From “Master” to “Menial”: State-owned enterprise workers in contemporary China

 Au Loong Yu
Abstract
 

This essay first looks at “enterprise democracy”, as defined by law, in China, and examines why it has never been genuinely implemented and how this relates to workers’ failure to resist the privatization of their enterprises at the turn of the century. It explores the crippling clauses in the laws, especially those relating to the ACFTU (All China Federation of Trade Unions), which also show the deep hostility of the ruling party towards any sign of autonomous movement from below. It links the party’s lack of incentive to respect the rule of law to the material interests of the ruling bureaucracy, and argues that this can be traced back to Mao’s period.

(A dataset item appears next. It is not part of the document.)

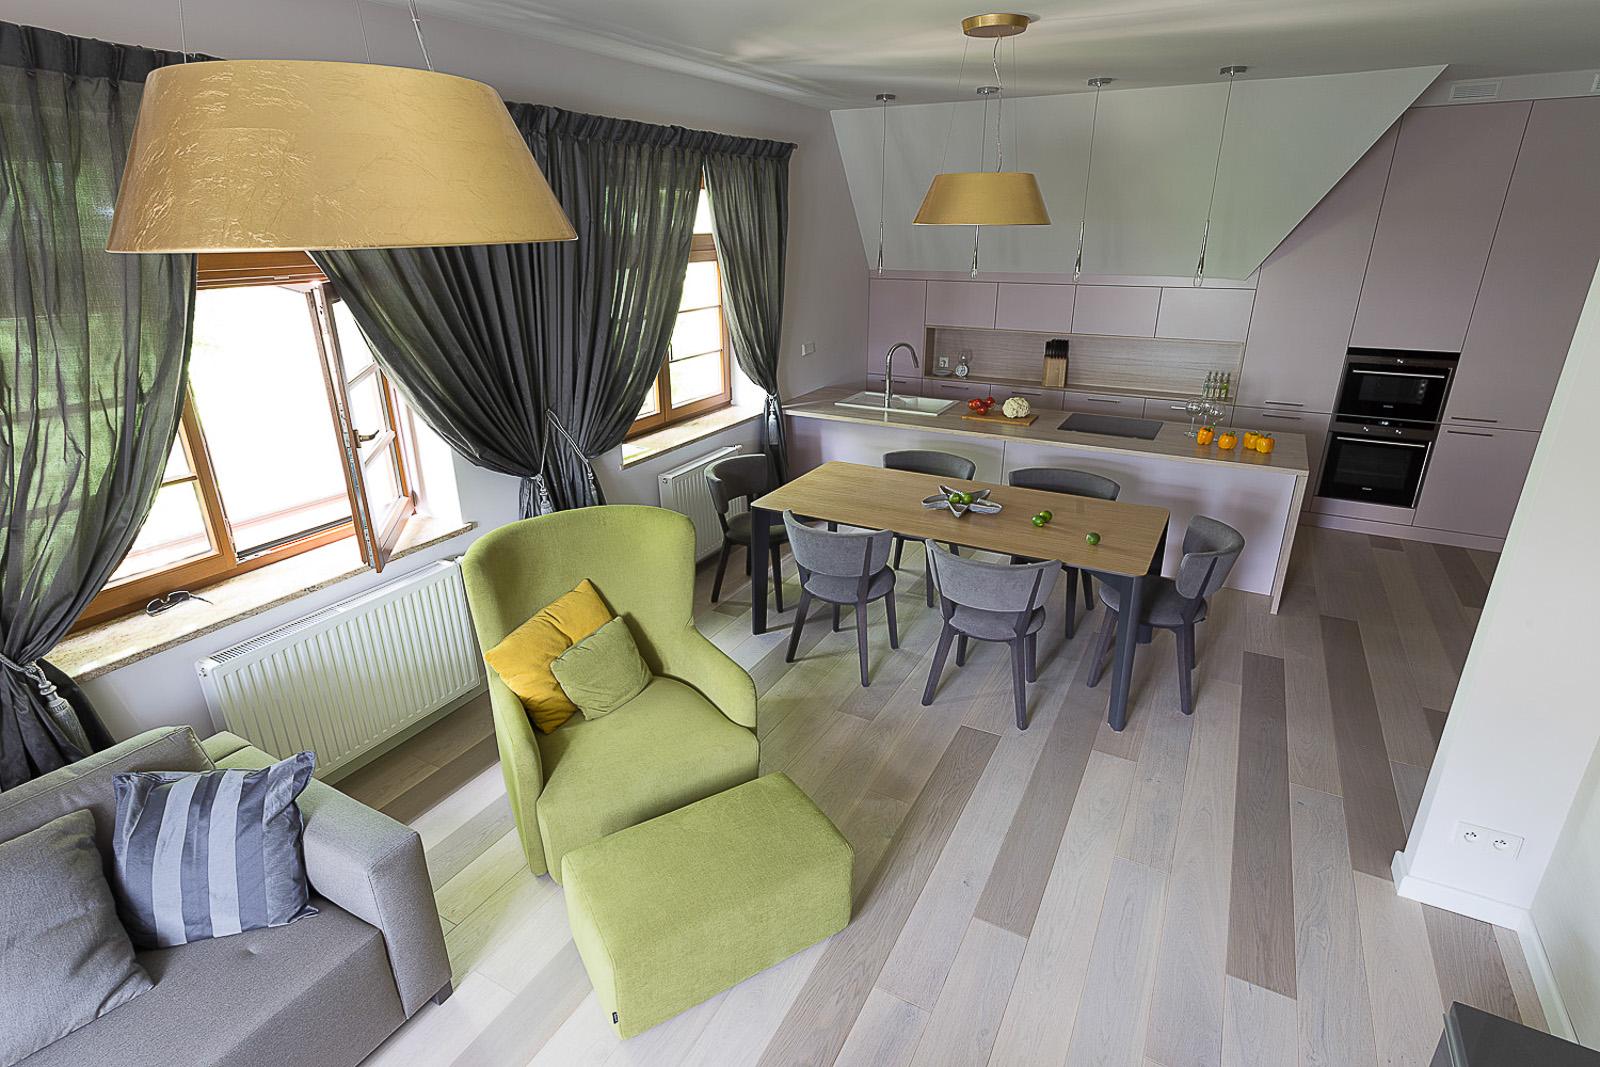 Apartament w Sopocie. Salon, kuchnia i jadalnia.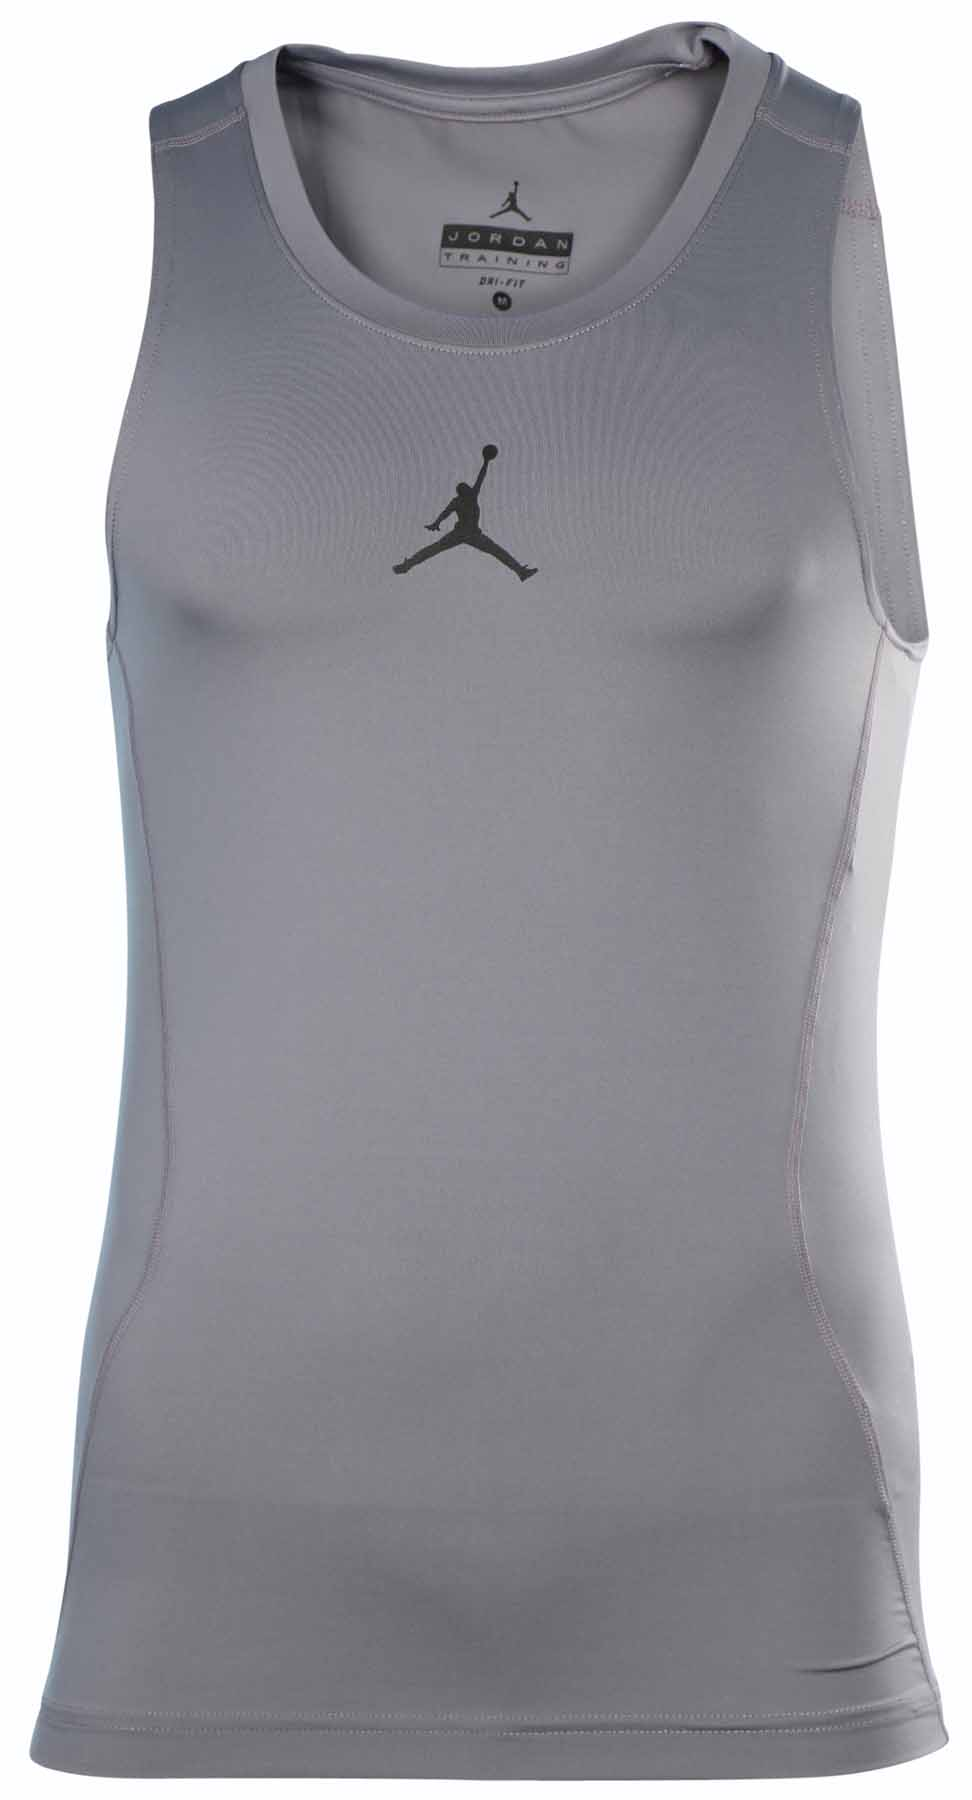 Jordan Men s Dri-Fit Nike AJ All Season Compression Tank Top  2eb5163b84727

It therefore does not agree with the notion, put forward by some, that the Chinese working class in the state sector was really the “master of the house” in that period. Precisely because of decades of atomization prior to the reform period, workers were left defenseless when the market reform attack started. Although they rose to protest in millions in 1989, the defeat of the movement paved the way for a second wave of attacks on workers, namely the privatization of state owned enterprises. The essay concludes with a debate on the lessons to be learned from the Chinese workers’ demise and the way forward for them.